한국에선 요사이 ‘사람 중심’이란 말을 남용한다. 문재인 대통령은 경제에 갖다 붙여 ‘사람 중심 경제’라고 한다. 무역협회는 ‘사람중심 한국 무역’이라 하였다. 문제는 ‘사람’의 정의(定義)이다. 민중주의라는 한국판 계급투쟁론에 빠진 이들은 ‘사람’에서 자본가, 자유민주를 신봉하는 우파세력, 이승만, 박정희, 국군, 대기업을 배제한다. 적대계층으로 생각하기 때문이다.

북한헌법에도 '사람중심'이 들어 있다.  제3조는 <조선민주주의인민공화국은 사람중심의 세계관이며 인민대중의 자주성을 실현하기 위한 혁명사상인 주체사상, 선군사상을 자기 활동의 지도적 지침으로 삼는다>고 하였다.

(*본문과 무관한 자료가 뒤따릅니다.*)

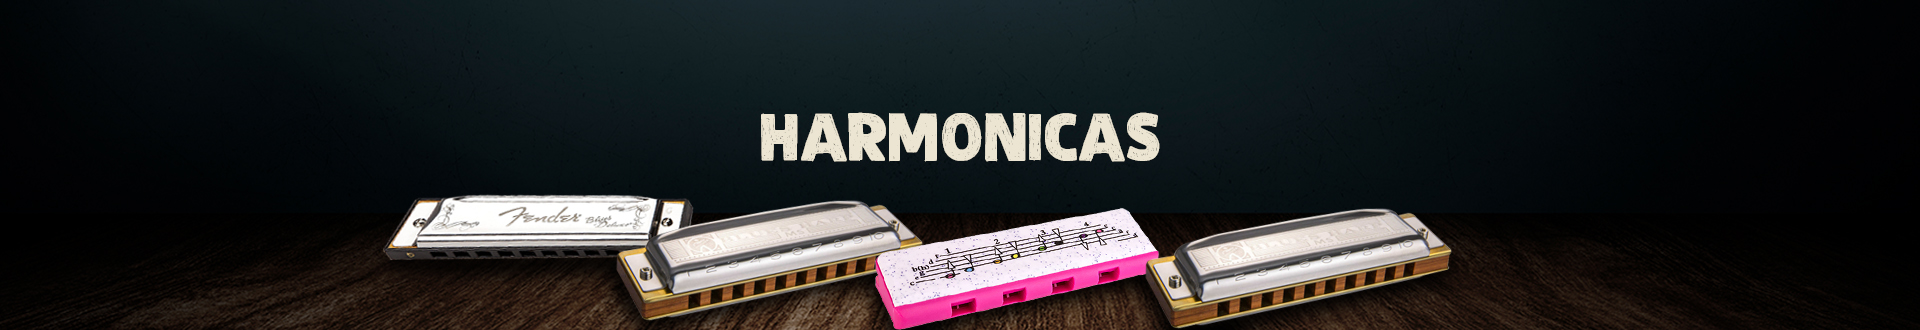 Harmonicas
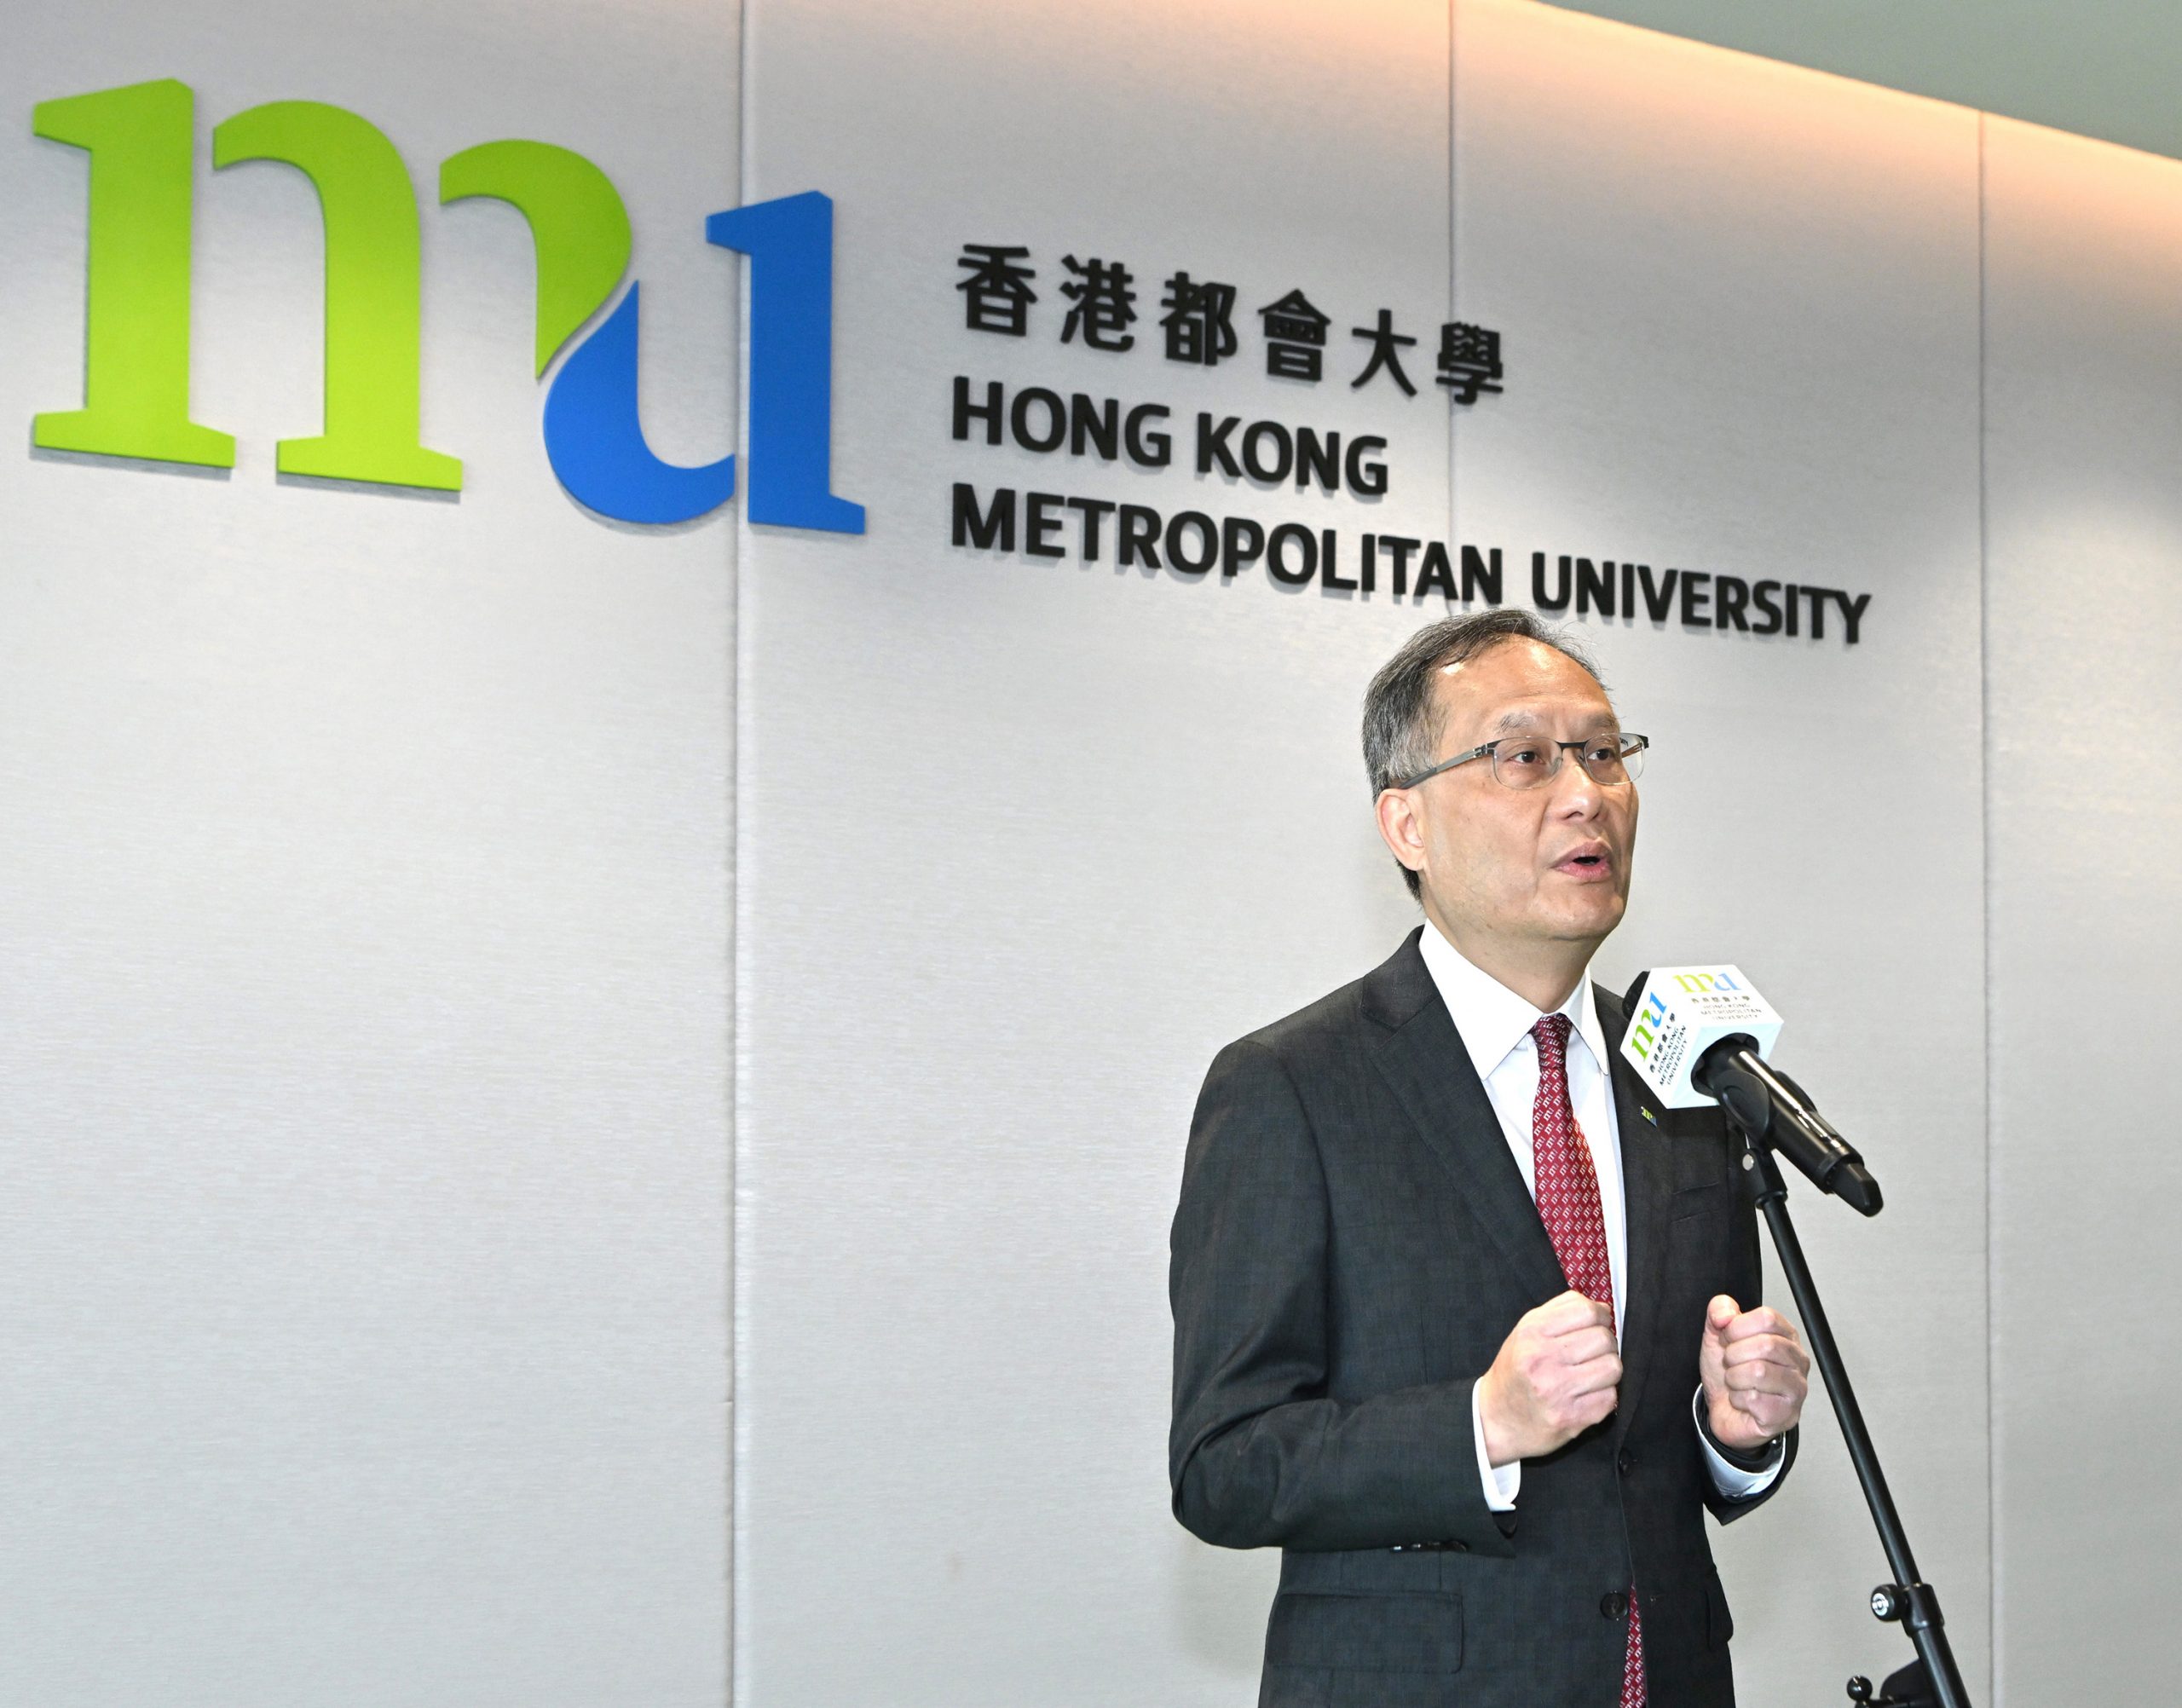 Prof. Lam shares the latest development of HKMU

문재인 대통령의 신년 기자회견 모두 연설에 등장한 '사람 중심'에는 민중주권론의 영향이 많이 묻어 있다. '촛불' '노동자' '비정규직' '소상인'을 아끼고 기업인, 태극기 시민, 군인, 과학자는 무시되는 경향이다. 실제로 법 집행도 그런 계급적 입장에서 하고 있다. (조갑제, 발췌)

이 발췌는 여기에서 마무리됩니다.